You’re playing the 2004 Gravity Games next weekend, and the bill also includes Fat Joe and the Terror Squad. What do you think about that — can you “do the rockaway?”

CONE: I think that track’s hot.

DAVE: Yeah, that’s a hot record right now. I don’t know, Fat Joe ...

CONE: I thought The Donnas were playing ...

Yeah, they are too.

CONE: I’m more into The Donnas.

DAVE: Yeah. Fat Joe’s cool, but I lean more towards the guys like Mos Def and Talib Kweli.

What do you think about the fact that 86 per cent of the kids at your show tonight are going to be underage, thanks to the elimination of grade 13?

CONE: There’s going to be a lot of underage drinking.

DAVE: That’s not as troubling as the fact that 99 per cent of them are going to be coloured purple. I got terrorized by purple kids a few years ago in Kingston.

Oh really?

DAVE: Yeah, they left purple handprints on my mom’s car!

So, are you freaked out by the FRECs and the engineering people? The purple ones?

DAVE: Doesn’t it have something to do with the Titanic? Engineers were shoveling fuckin’ coal and turned purple or some shit like that? [Laughs.] They buy these nice jackets and dye ‘em purple. Aren’t they like 500 bucks?

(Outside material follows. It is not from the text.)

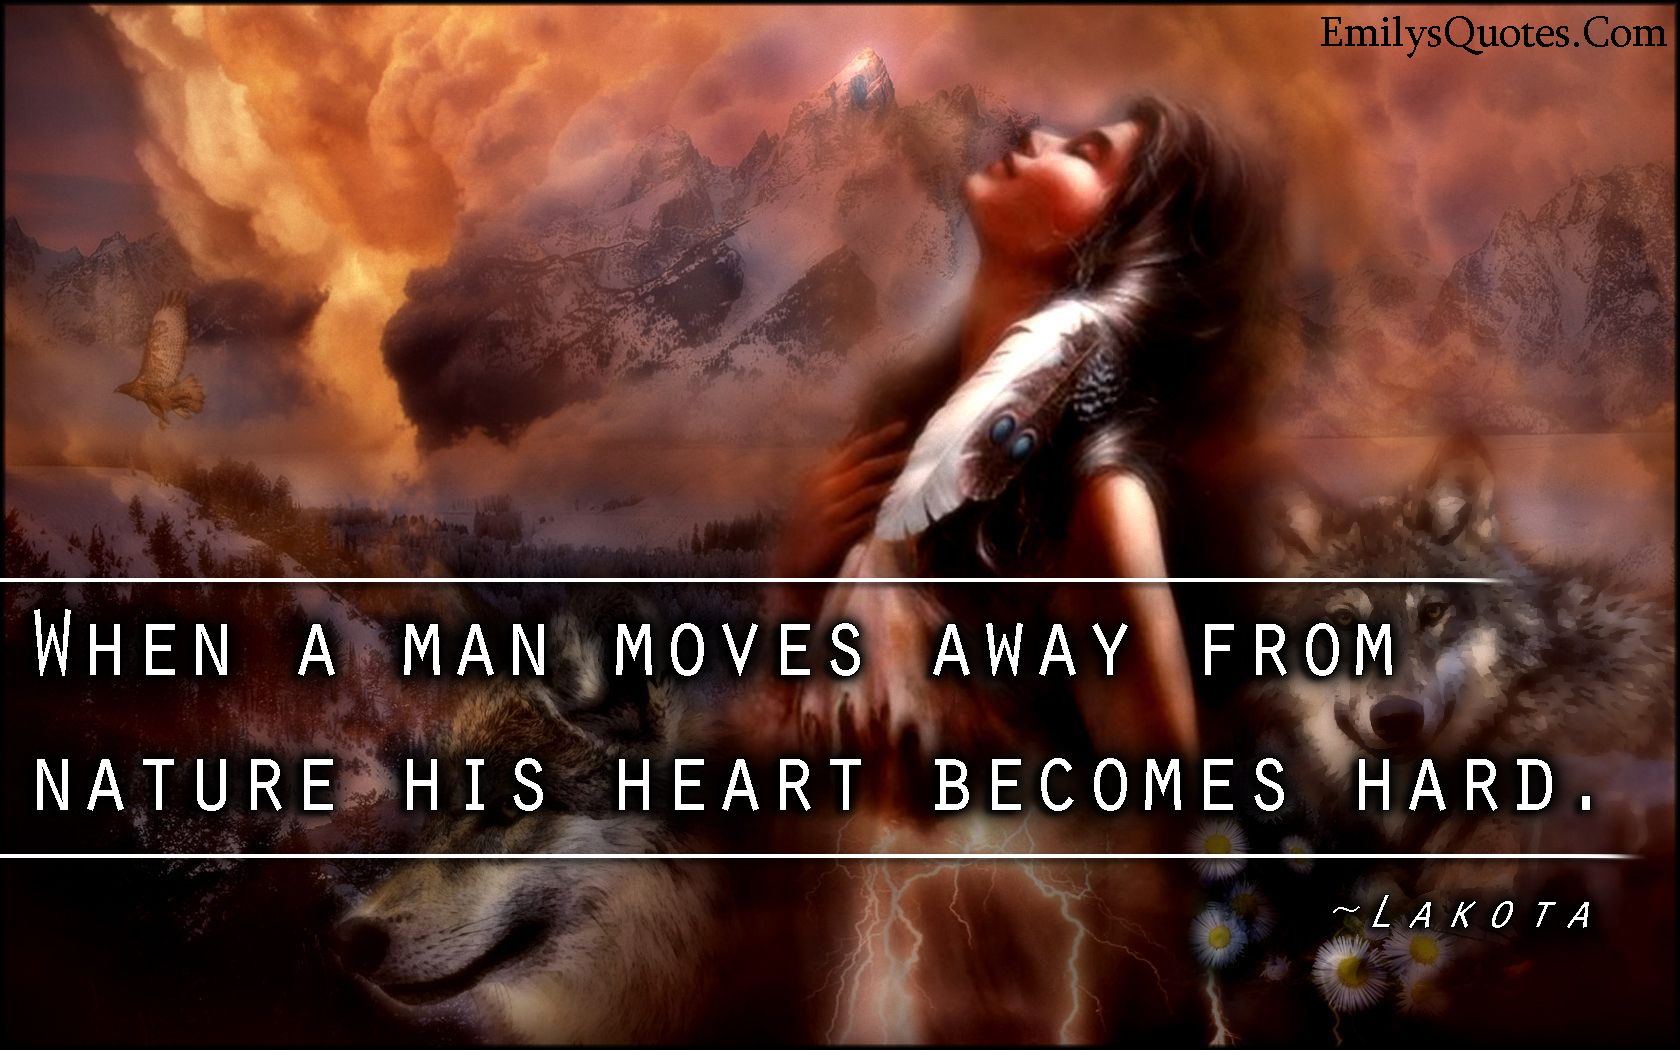 When a man moves away from nature his heart becomes hard
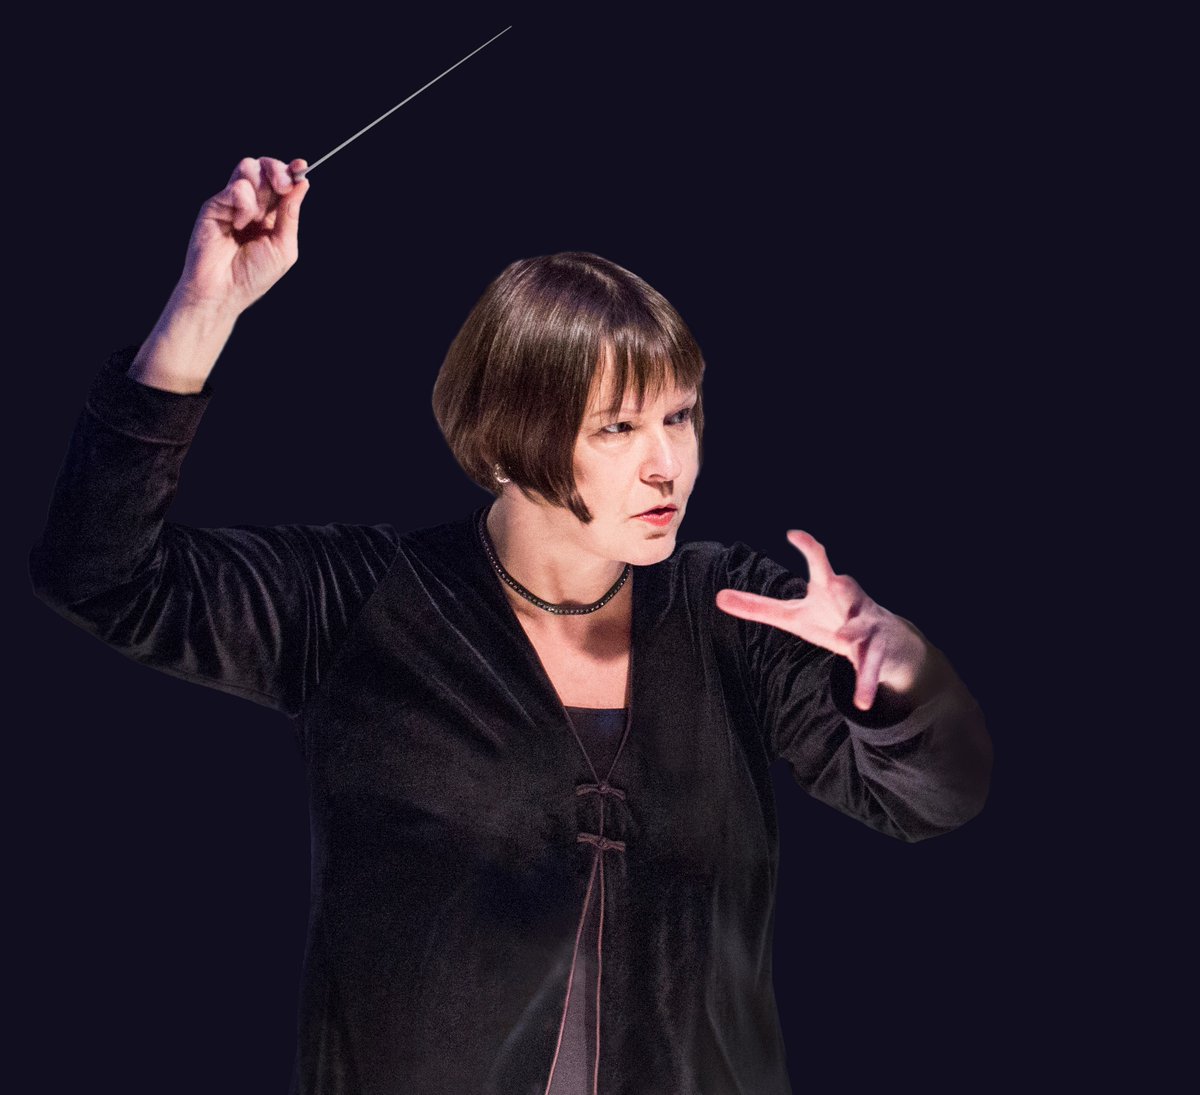 On the eve-eve of #InternationalWomensDay we are celebrating career of alumna, Alice Farnham (Music, 1989) @BatonAlice who is one of Britain’s leading conductors and most recently, was shortlisted for Conductor of the Year by The Royal Philharmonic Society bit.ly/3uYuYB8

Yeah, they’re pretty expensive.

DAVE: What the hell, dude. I’m tellin’ ya, I wouldn’t be dying something purple.

It’s recently been announced that you guys are doing a movie with Carmen Electra and Jenny McCarthy called Dirty Love. Um ... is this the type of movie that it sounds like?

DAVE: Um, it’s not a porno, as far as I know. We’ll see if Ron Jeremy’s there or not.

Are you open to that possibility?

CONE: I have a girlfriend, but if it’s a movie ... well, it’s acting. [Laughs.]

DAVE: Not really. I’ll probably just sit there with my camera like a pervert.

So what about Carmen Electra and Jenny McCarthy? Have you met them yet?

CONE: We’ve met Carmen before.

DAVE: Have we?

CONE: Yeah, in Miami. Yeah, she’s nice.

Watch out, Dave Navarro might be on set.

DAVE: All you’ve really got to do is grab the perfume from his pocket and spray it in his eyes. [Laughs.]

What do you find yourselves doing after shows now? Has the after-party scene gotten old yet?

DAVE: It depends—on this tour, I’m always driving home with my wife. It’s not exactly the rock ‘n roll lifestyle you’d expect—Tim Horton’s and chocolate dip [doughnuts]. It’s not all it’s cracked up to be right now, but once we get on the road, I’m sure we’ll be back.

CONE: We’ve had a couple nights on this tour which have been pretty fun.

DAVE: Yeah, your birthday.

CONE: My birthday was fun.

DAVE: We spent an entire dinner trying to get a stripper for him for his birthday.

CONE: And she came late. And she was boring. Steve was better.

DAVE: Steve actually got up and started stripping, and it was pretty entertaining.